All in all, please tell me about heap in a more simplified manner than just, its for malloc and alloc?
The heap is, much like it's name, a bunch of free bytes that you can grab a piece at a time, do whatever you want with, then throw back to use for something else. You grab a chunk of bytes by calling malloc, and you throw it back by calling free.
Why would you do this? Well, there's a couple of common reasons:
You don't know how many of a thing
you need until run time (based on
user input, for example). So you
dynamically allocate on the heap as
you need them.
You need large data structures. On
Windows, for example, a thread's
stack is limited by default to 1
meg. If you're working with large
bitmaps, for example, that'll be a
fast way to blow your stack and get
a stack overflow. So you grab that
space of the heap, which is usually
much, much larger than the stack.
The code, data, stack and heap?
Not really a question, but I wanted to clarify. The "code" segment contains the executable bytes for your application. Typically code segments are read only in memory to help prevent tampering. The data segment contains constants that are compiled into the code - things like strings in your code or array initializers need to be stored somewhere, the data segment is where they go. Again, the data segment is typically read only.
The stack is a writable section of memory, and usually has a limited size. The OS will initialize the stack and the C startup code calls your main() function for you. The heap is also a writable section of memory. It's reserved by the OS, and functions like malloc and free manage getting chunks out of it and putting them back.
So, that's the overview. I hope this helps.
With respect to stack... This is precicely where the parameters and local variables of the functions / procedures are stored. To be more precise, the params and local variables of the currently executing function is only accessible from the stack... Other variables that belong to chain of functions that were executed before it will be in stack but will not be accessible until the current function completed its operations.
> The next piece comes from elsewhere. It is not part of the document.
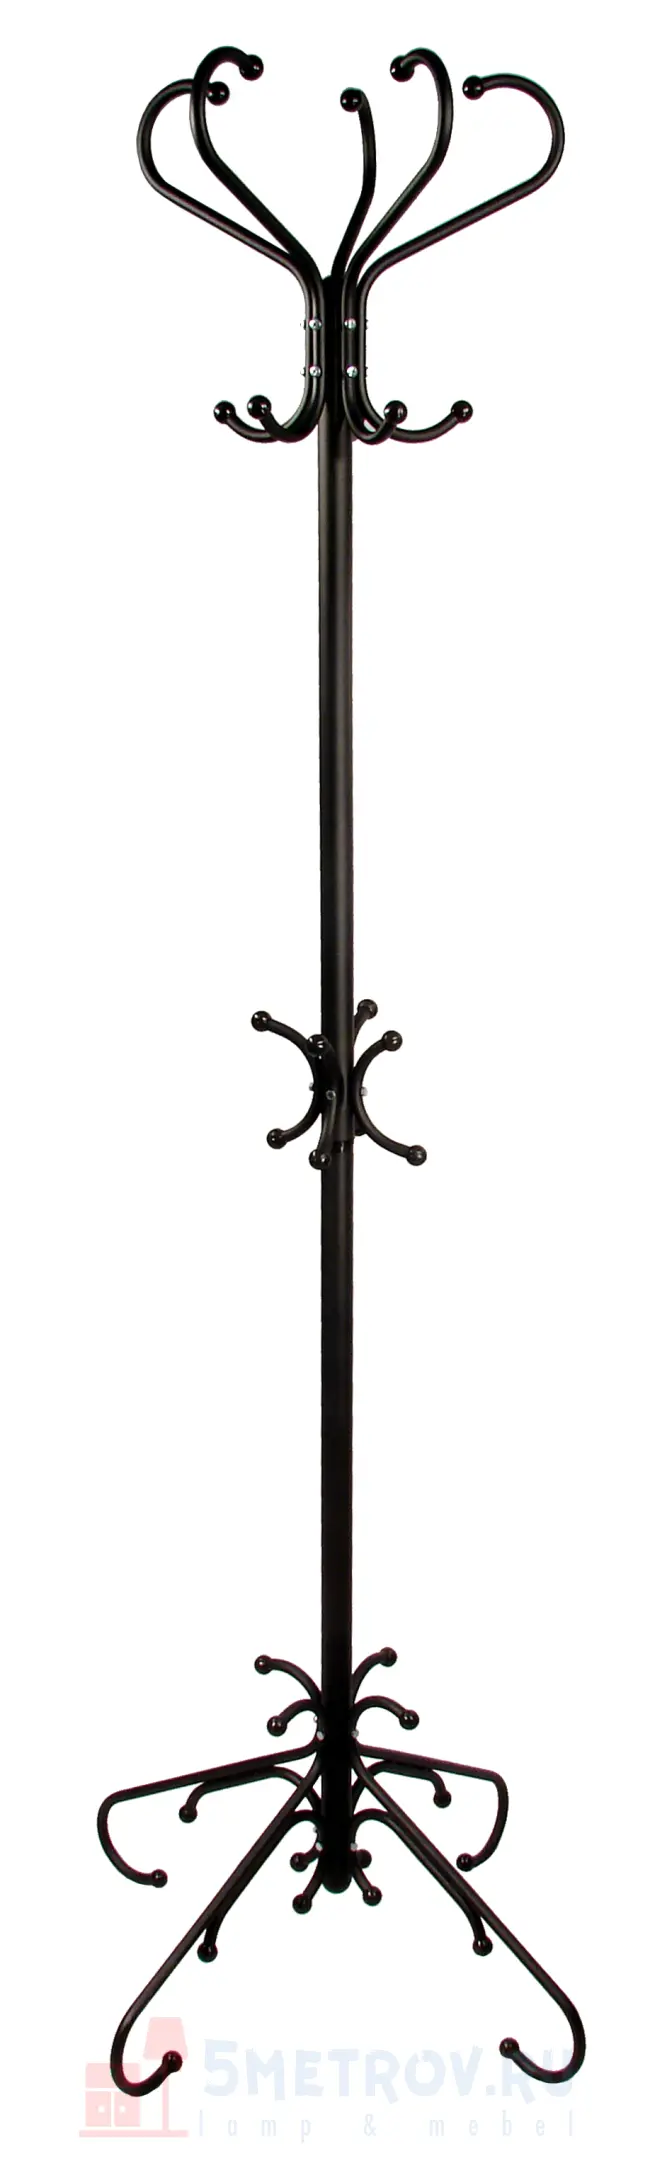 Напольная вешалка Мебелик М-5 [Металлик] Металлик, 1740, 700, 700

With respect global variables, I believe these are stored in data segment and is always accessible from any function within the created program.
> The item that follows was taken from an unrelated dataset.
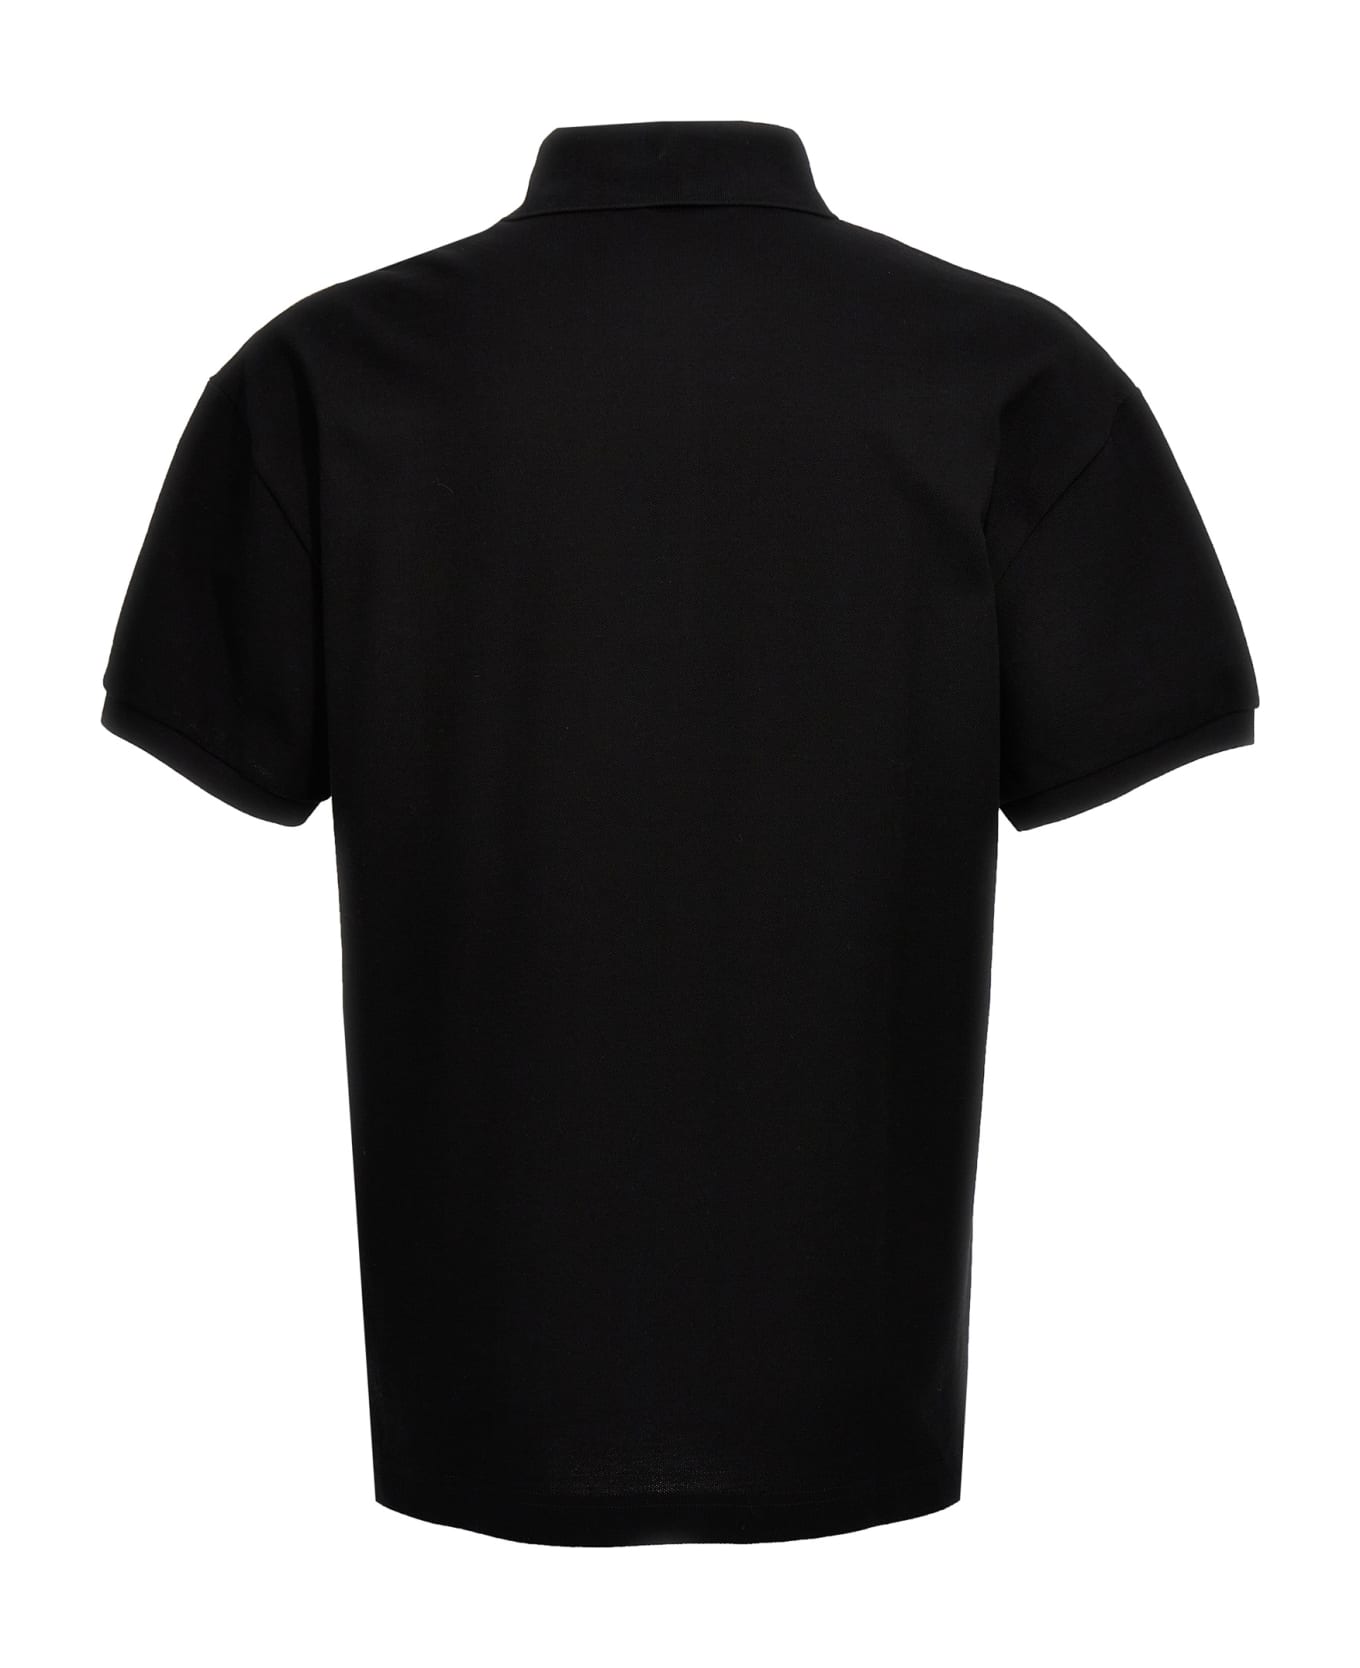 Palm Angels 'monogram' Polo Shirt - Black   ポロシャツ

With respect to Heap... These are additional memories that can be made allotted to your program whenever you need them (malloc or new)... You need to know where the allocated memory is in heap (address / pointer) so that you can access it when you need. Incase you loose the address, the memory becomes in-accessible, but the data still remains there. Depending on the platform and language this has to be either manually freed by your program (or a memory leak occurs) or needs to be garbage collected. Heap is comparitively huge to stack and hence can be used to store large volumes of data (like files, streams etc)... Thats why Objects / Files are created in Heap and a pointer to the object / file is stored in stack.
In terms of C/C++ programs, the data segment stores static (global) variables, the stack stores local variables, and the heap stores dynamically allocated variables (anything you malloc or new to get a pointer to). The code segment only stores the machine code (the part of your program that gets executed by the CPU).